╭─ GIVEN DATA
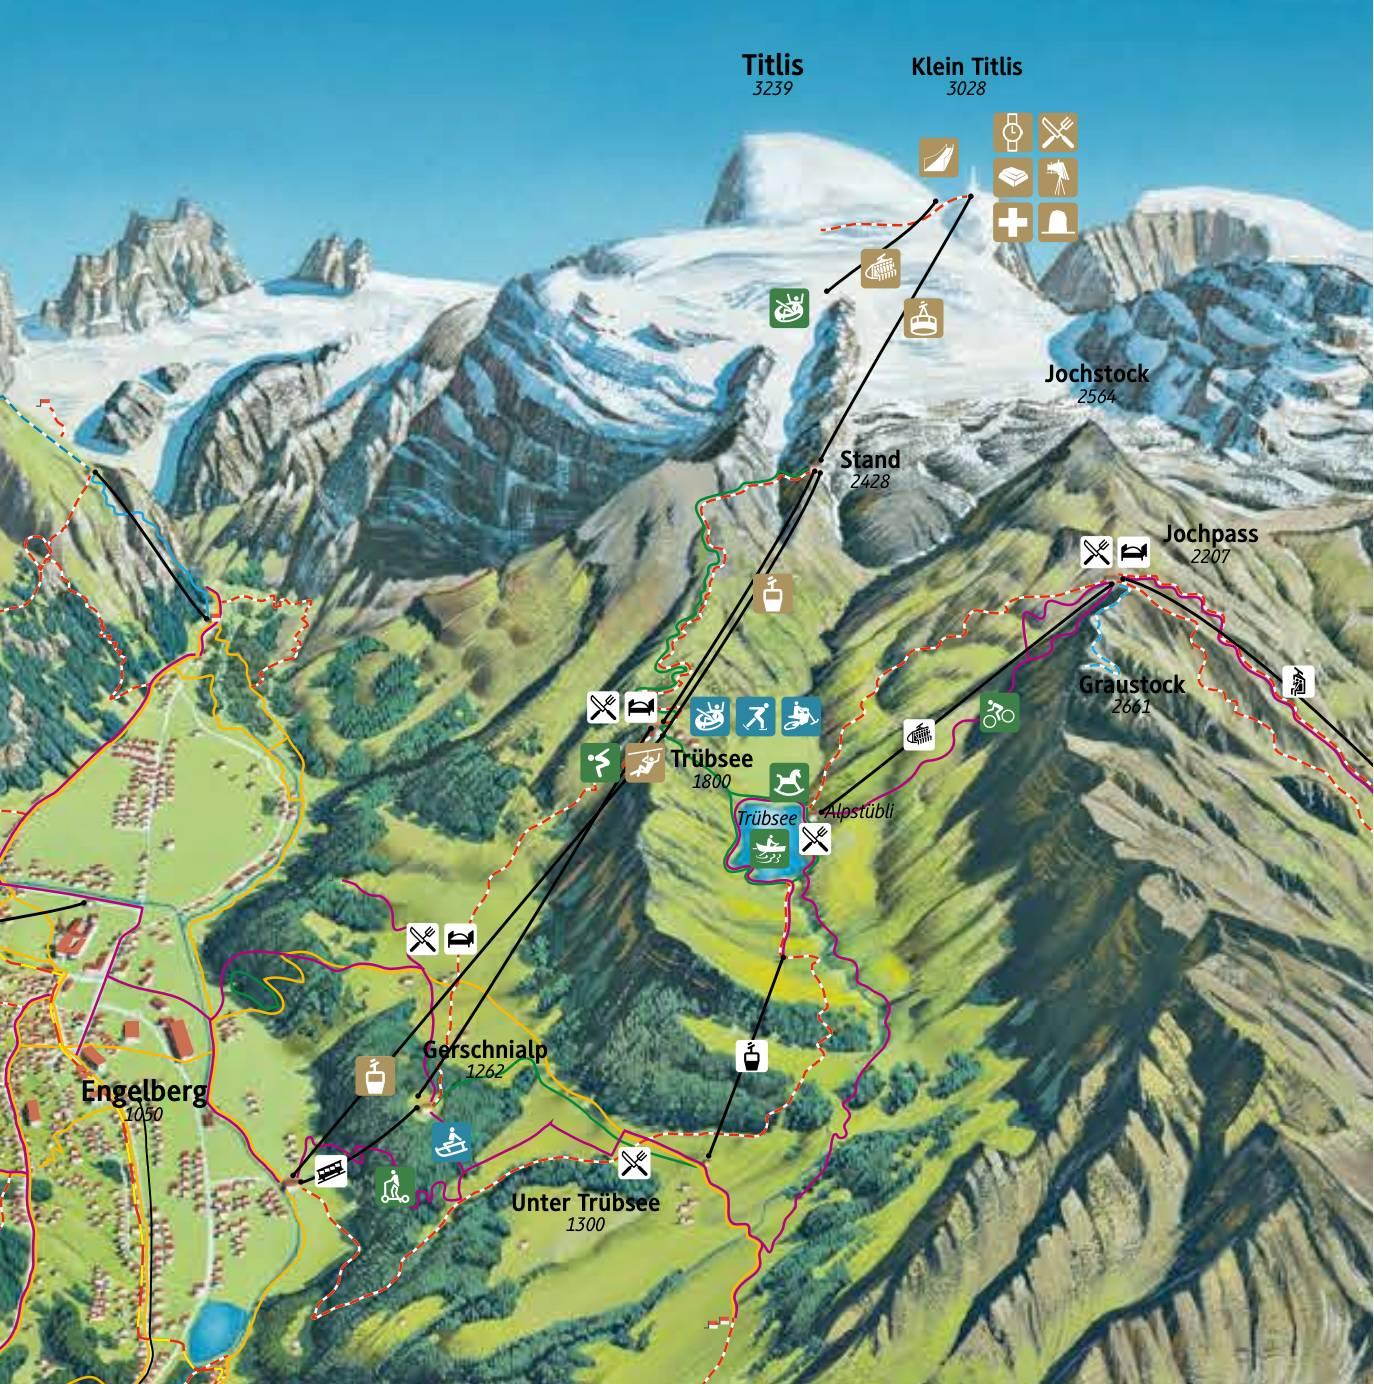 mapa montanha titlis
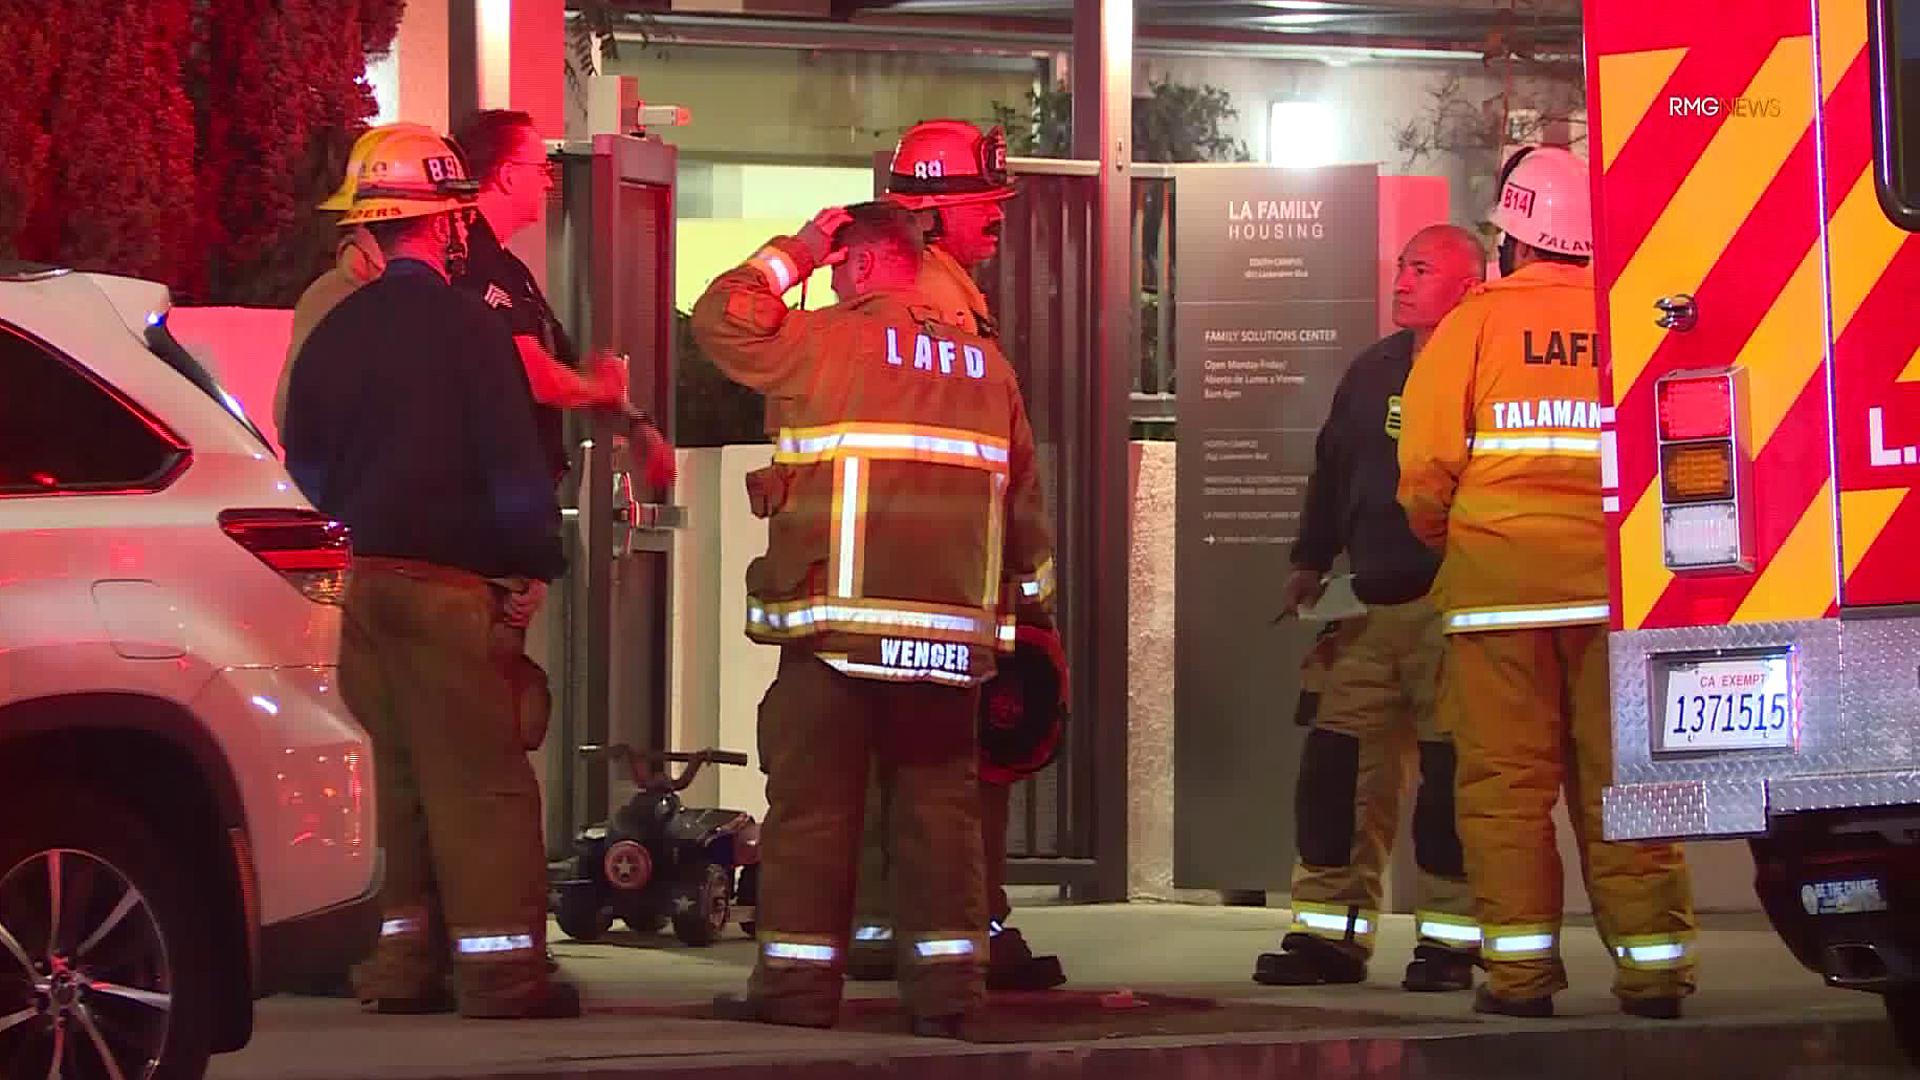 Crews respond to a hazmat situation in Sun Valley on Nov. 11, 2019. (Credit: RMG News)
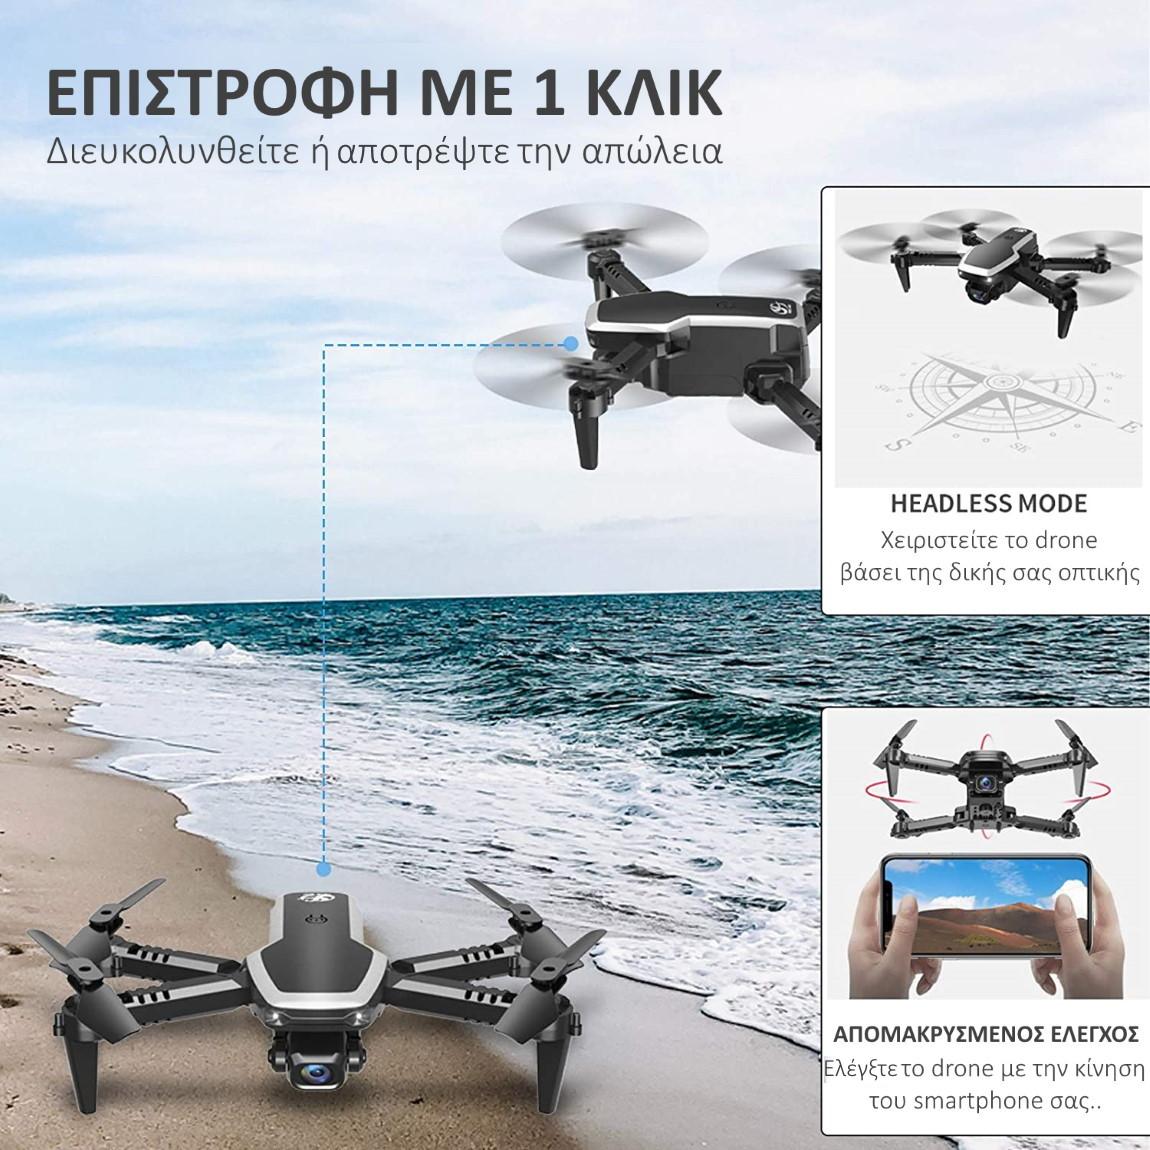 ToySky S171 Αναδιπλούμενο Mini Drone Quadcopter απομακρυσμένος έλεγχος
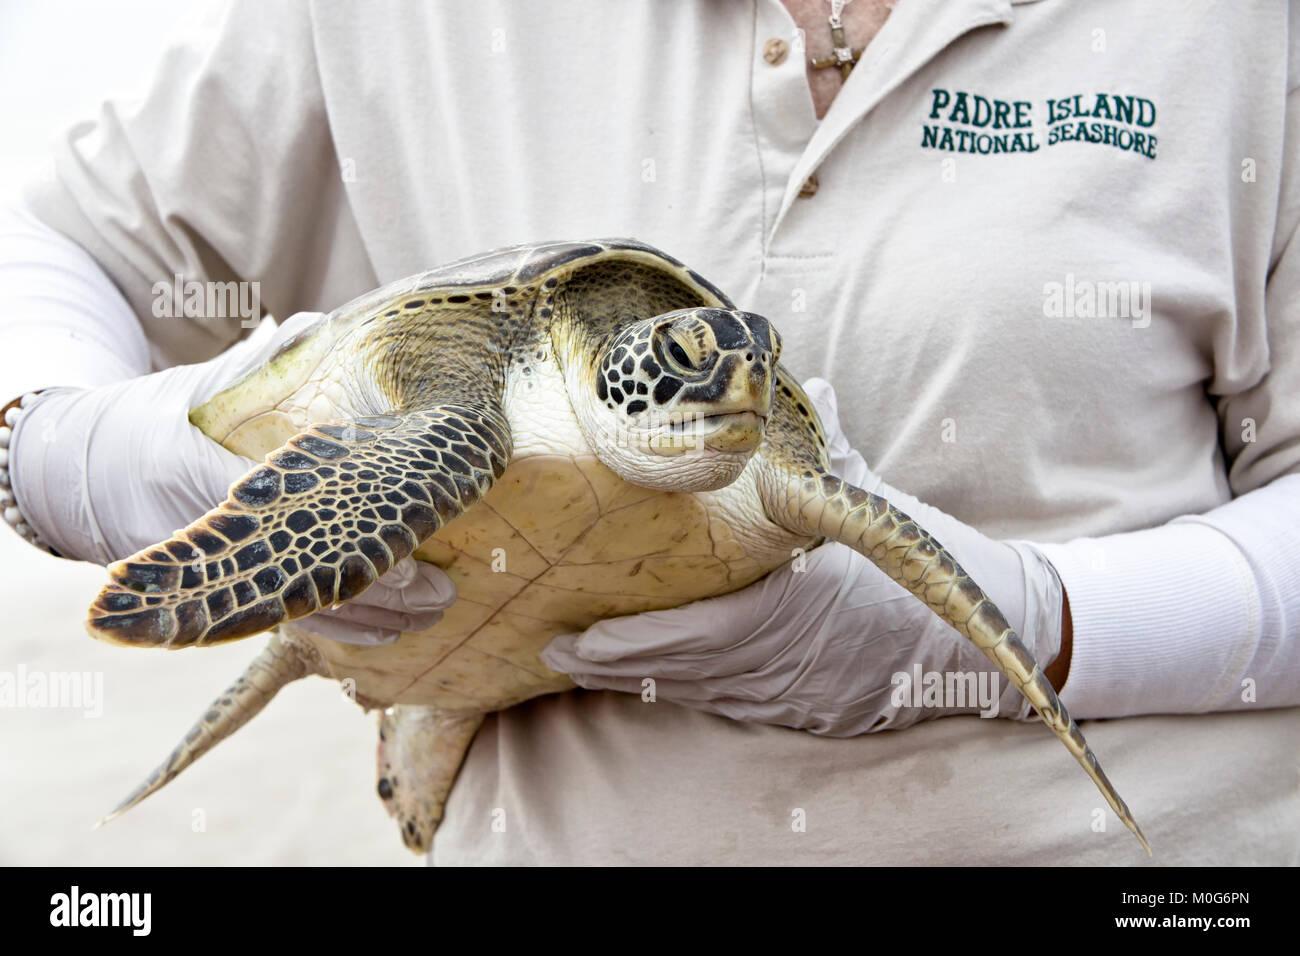 Female adult volunteer carrying & showing rehabilitated Kemp's Ridley Sea Turtle 'Lepidochelys kempii' - Stock Image
╰─
■ **EXERCISE PROMPT**
Reproduce all lines above exactly. Leave the images out.

■ **EXERCISE RESULT**
 mapa montanha titlis
 Crews respond to a hazmat situation in Sun Valley on Nov. 11, 2019. (Credit: RMG News)
 ToySky S171 Αναδιπλούμενο Mini Drone Quadcopter απομακρυσμένος έλεγχος
 Female adult volunteer carrying & showing rehabilitated Kemp's Ridley Sea Turtle 'Lepidochelys kempii' - Stock Image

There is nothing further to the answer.